# Lieb-Robinson bound and spin chain

I am trying to understand the paper Localized shocks better. There is Lieb-Robinson bound on the page 6. How does formula (7) imply that:

the radius of the operator can grow no faster than linearly $$r[Z_{1}(t_{w})]<(c_{1}/c_{2})t_{w}$$

? This is not obvious for me.

• In Upper Bound on Diffusivity, Hartman et al. state "operators can spread at most linearly in time, a fact that can be deduced via repeated commutation with the Hamiltonian [1,2]", where Ref. 2 is Hasting's paper, whose Eq. 30 seems to contain an explicit linear dependence with time.
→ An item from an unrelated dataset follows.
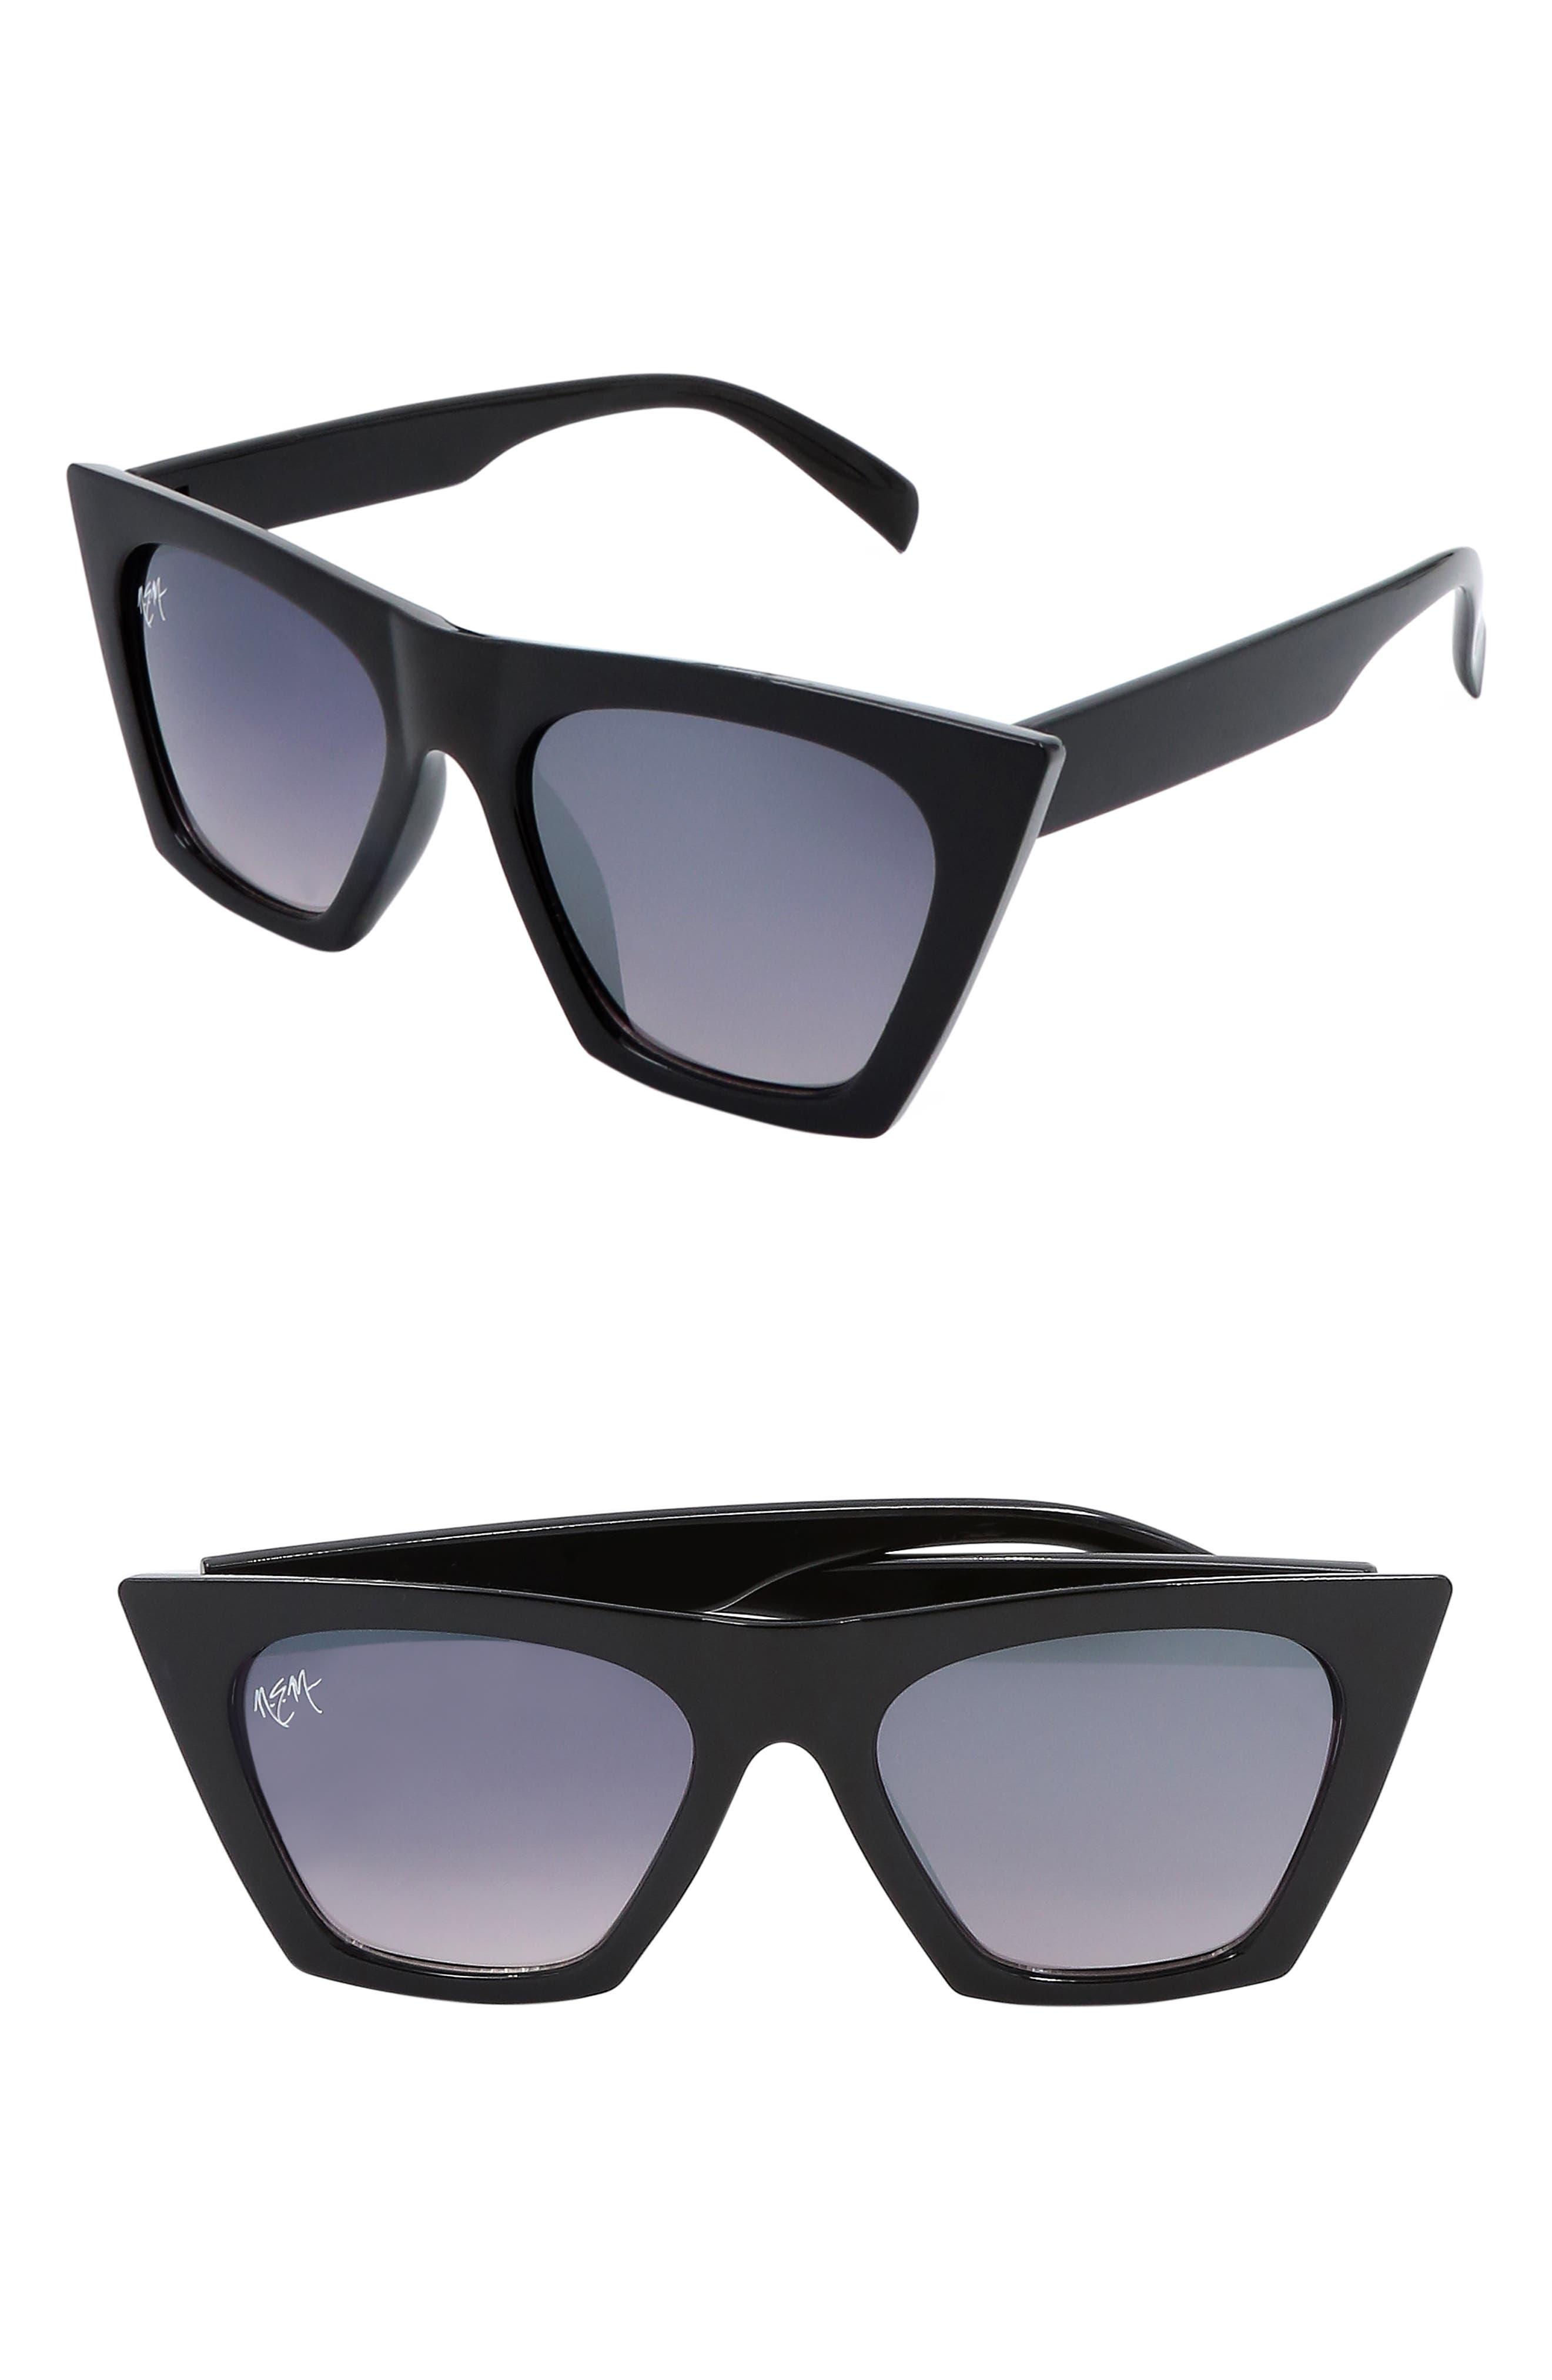 Posh 50mm Gradient Angular Sunglasses,                             Main thumbnail 1, color,                             BLACK W GREY GRADIENT LENS

But I'm out of my league here, let me know if this is wrong/useless. – stafusa Mar 17 at 2:21
• Also, couldn't one simply calculate as we do for wave propagation and, given the exponent of the Lieb-Robinson bound is $c_1 t_w − c_2 |x−y|$ and identifying $|x−y|$ with $r$, obtain the equation the OP asks about? Or this doesn't even make sense and seems to work only by accident? – stafusa Mar 17 at 2:28

From equation (7) in the cited paper [1], the Lieb-Robinson bound for the commutator of local operators $$W_x$$ and $$W_y$$, where the subscript indicates the location, is $$\big\|[W_x(t),\,W_y]\big\|\leq c_0 \|W_x\|\,\|W_y\|\exp\big(c_1 t-c_2|x-y|\big). \tag{7}$$ The preceding pages defines the "radius" of an operator $$W_x$$ to be "the region in which [other] local operators have an order-one commutator with [the given operator]." In other words, the radius of $$W_x(t)$$ is the largest value of $$|x-y|$$ for which the commutator $$[W_x(t),\,W_y]$$ is of order $$1$$. The bound (7) says that if $$|x-y|$$ is much larger than $$(c_1/c_2)t$$, then the magnitude of the commutator is exponentially suppressed (assuming $$c_2>0$$). Therefore, the radius is (softly) bounded by $$(c_1/c_2)t$$, which means that it cannot grow faster than linearly-in-time.